Bruxelles, 07/05/2009 (Agence Europe) - Législateurs européens, représentants des régulateurs nationaux, de l'industrie et des consommateurs ont débattu, jeudi 7 mai au Parlement européen, du futur système européen de supervision financière. Signe de l'influence des recommandations du rapport « Larosière », les discussions se sont articulées autour des deux éléments devant guider la réforme du système: la surveillance macro et micro-prudentielle (EUROPE n° 9848). Le commissaire McCreevy chargé du Marché intérieur a confirmé les propos, deux jours plus tôt, du président Barroso sur les propositions de la Commission attendues pour le « 27 mai » et qui reposeront sur les « deux piliers » du rapport « Larosière » (EUROPE n°9896). « Ces réformes devraient être accompagnées par un effort ambitieux visant à équiper l'UE d'un socle unique de règles harmonisées en supprimant les nombreuses options et dérogations nationales dans la législation européenne sur les services financiers », a-t-il ajouté.
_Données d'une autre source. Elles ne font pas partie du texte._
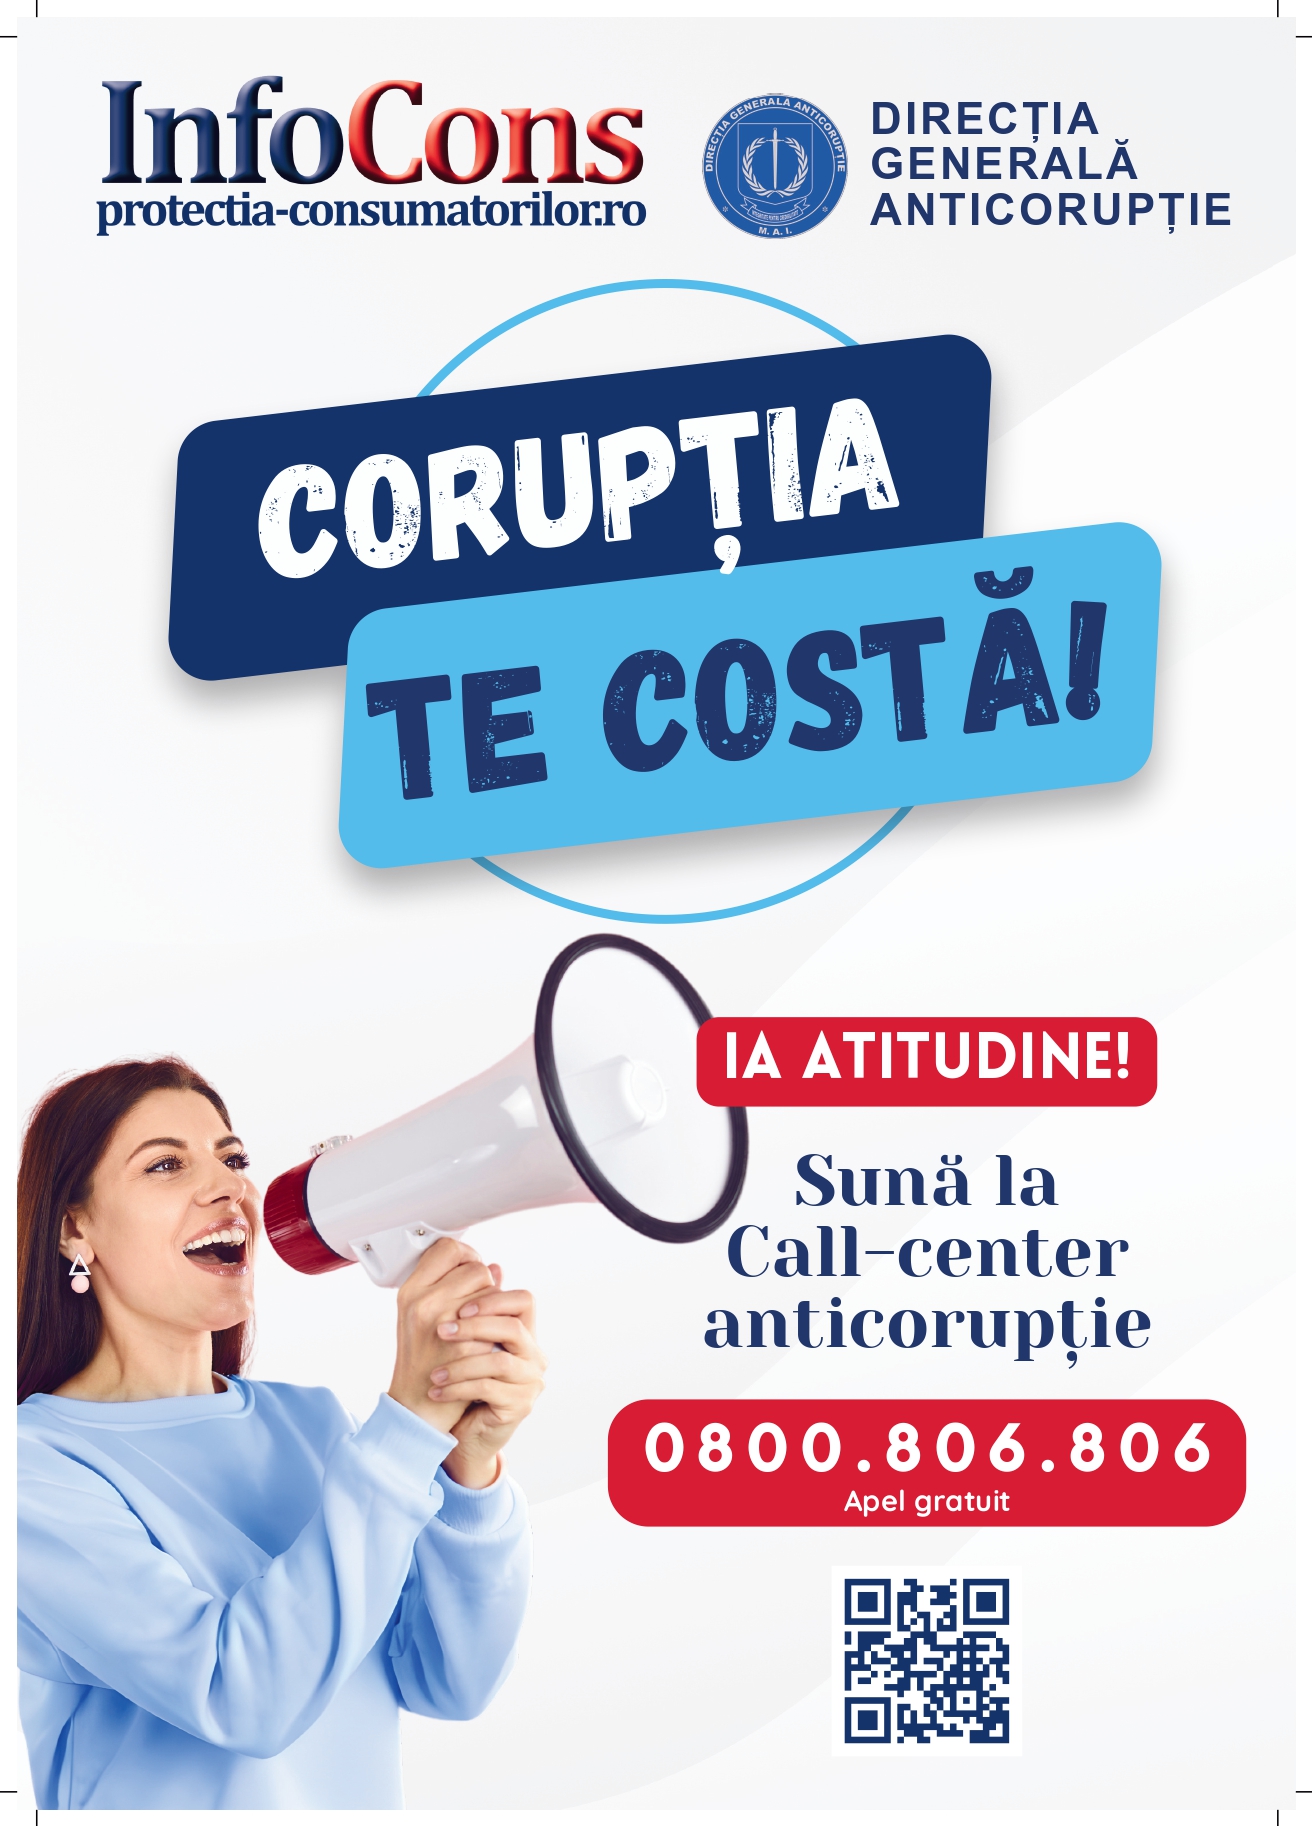 InfoCons Direcția Generală Anticorupție parteneri campania Corupția - Te costă!

Les présidents des trois comités européens de régulateurs nationaux ont accueilli favorablement les recommandations sur la façon d'améliorer la supervision micro-prudentielle, à travers notamment la transformation en autorités européennes des trois comités. Tout en tenant compte du niveau international de la réforme en cours. Favorable à l'approche évolutive, le président du CEIOPS, Thomas Steffen, a estimé nécessaire d'approfondir les questions liées à la gouvernance et au financement des autorités envisagées. Rendre des comptes aux institutions européennes ne le gêne pas, dès lors que le principe d'indépendance des autorités sera respecté. La présidente du CEBS, Kerstin af Jochnick, a qualifié de « grand pas en avant » la création, d'ici à fin 2009, d'une quarantaine de collèges regroupant les superviseurs nationaux des institutions bancaires transfrontalières, consolidée par la base juridique introduite récemment dans la directive « Bâle II » sur les exigences en fonds propres (EUROPE n° 9896). Au nom de CESR, Eddy Wymeersch a focalisé son intervention sur la façon de nuancer le caractère contraignant des décisions des futures autorités européennes. Patrick Brady, président du Comité de travail sur les conglomérats financiers, a considéré que le rapport « Larosière » ne faisait pas de propositions spécifiques sur ces entités financières bien qu'ils représentent près de 70% des institutions financières transfrontalières.
Fernando Zunzunegui, président du Forum FIN-USE d'experts sur les services financiers, a regretté « le silence » du rapport « Larosière » sur « les questions de protection des consommateurs ». Il a recommandé la création d'une autorité des consommateurs de services financiers. Le représentant d'UNI-EUROPA, syndicat international représentant des employés du secteur financier, verrait d'un bon œil la création d'une « charte sur la vente responsable des produits financiers ». Selon lui, une « omission majeure » du rapport « Larosière » concerne « le rôle des employés dans la supervision ». (M.B.)